Noonan is a catechist and spiritual director in the San Diego Diocese.
"For me to have been involved in any kind of New Age or occult practice, it is very rare that a person getting involved with this would wake up one day at 25 years old and say I want to go out there and be an occultist. It doesn't happen that way. It would have been an influence that came down from someone," said Noonan.
She discovered that her family members dabbled in occult practices. Her grandfather, a collector for a museum, travelled through Asia and got involved with their "occult culture."
"I live in California where people say 'Let's go over to the powwows' and they come back with these dream catchers and all these weird objects.
"Then they wonder why their whole family has headaches, why their children are no longer interested in going to church, and why their husband sleeps on the couch and won't sleep in the bed where the dream catcher is. They don't understand that these things are cursed," she said.
Sacramental objects are a blessing in a home, whereas in the occult they have objects that are cursed, explained Noonan.
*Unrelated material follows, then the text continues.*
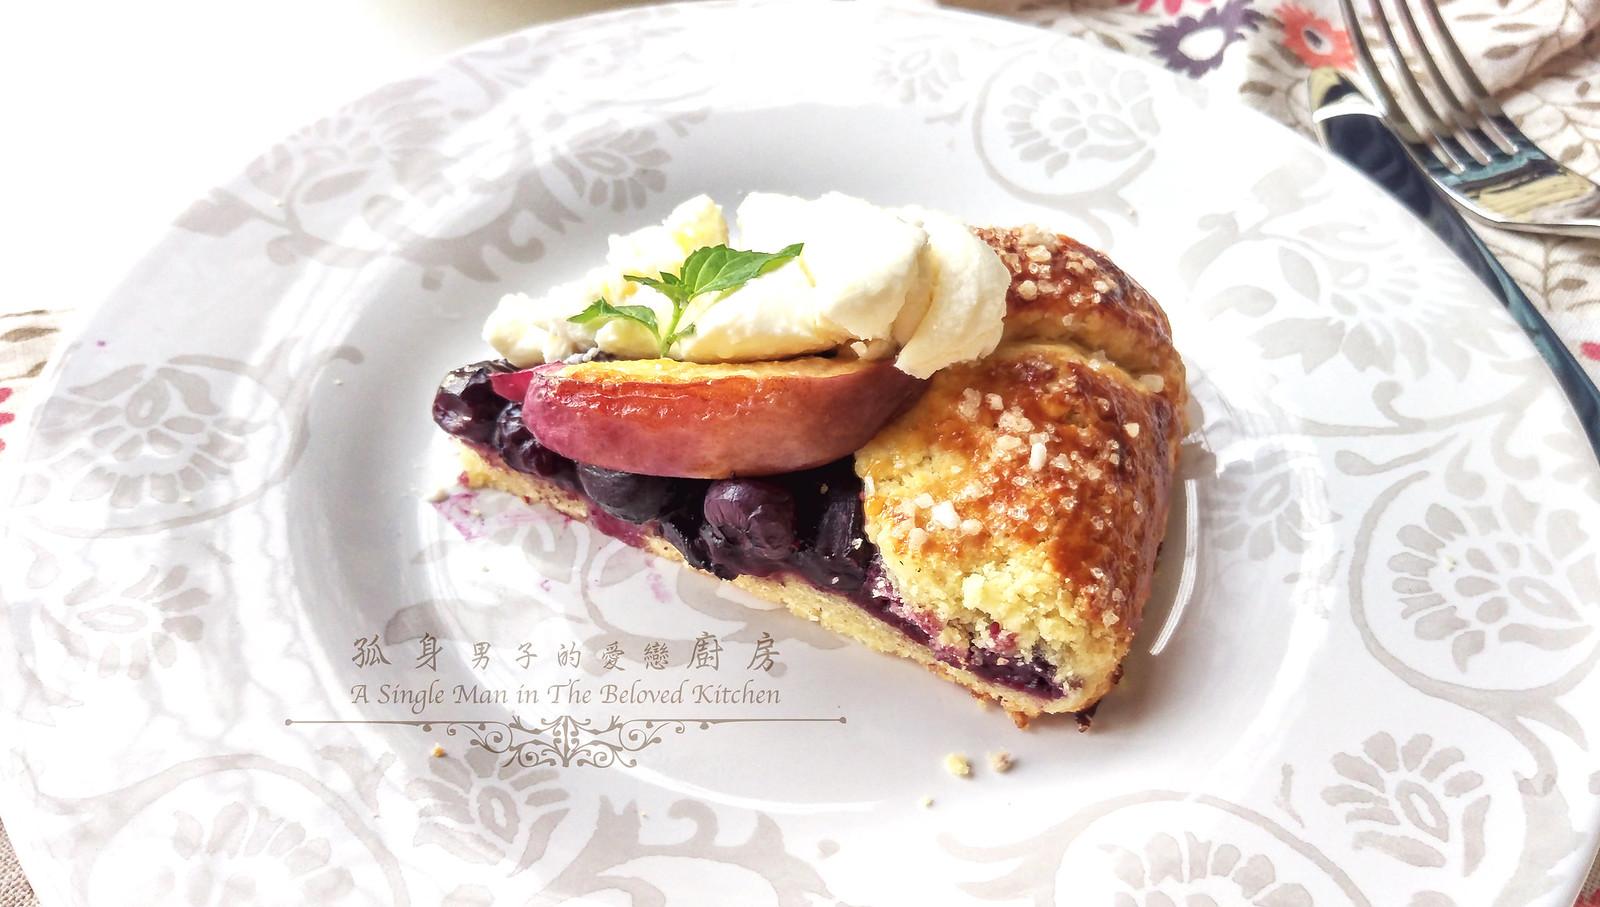 孤身廚房-藍莓甜桃法式烘餅Blueberry-Nectarin Galette35

"If somebody opens the door through being hypnotized or going to a psychic or some kind of alternative healing practitioner, they can pick up the spirit and it can go on to their children," she said.
Noonan is quick to credit Father John Hampsch, who she calls "a walking tribute to this work." He wrote the book Healing Your Family Tree and also wrote the foreword to Noonan's book, Ransomed From Darkness: The New Age, Christian Faith and the Battle for Souls.
A FUNCTIONING FAMILY NOW
In her own family tree, there has been healing, reconciliation and complete conversion to the Church. Family members did not speak to one another and had abandoned the Church altogether. She credits generational healing for making them a functioning family again.
As a layperson, her goal is to share the message of hope that, "It worked in my family and, therefore, it can work in yours."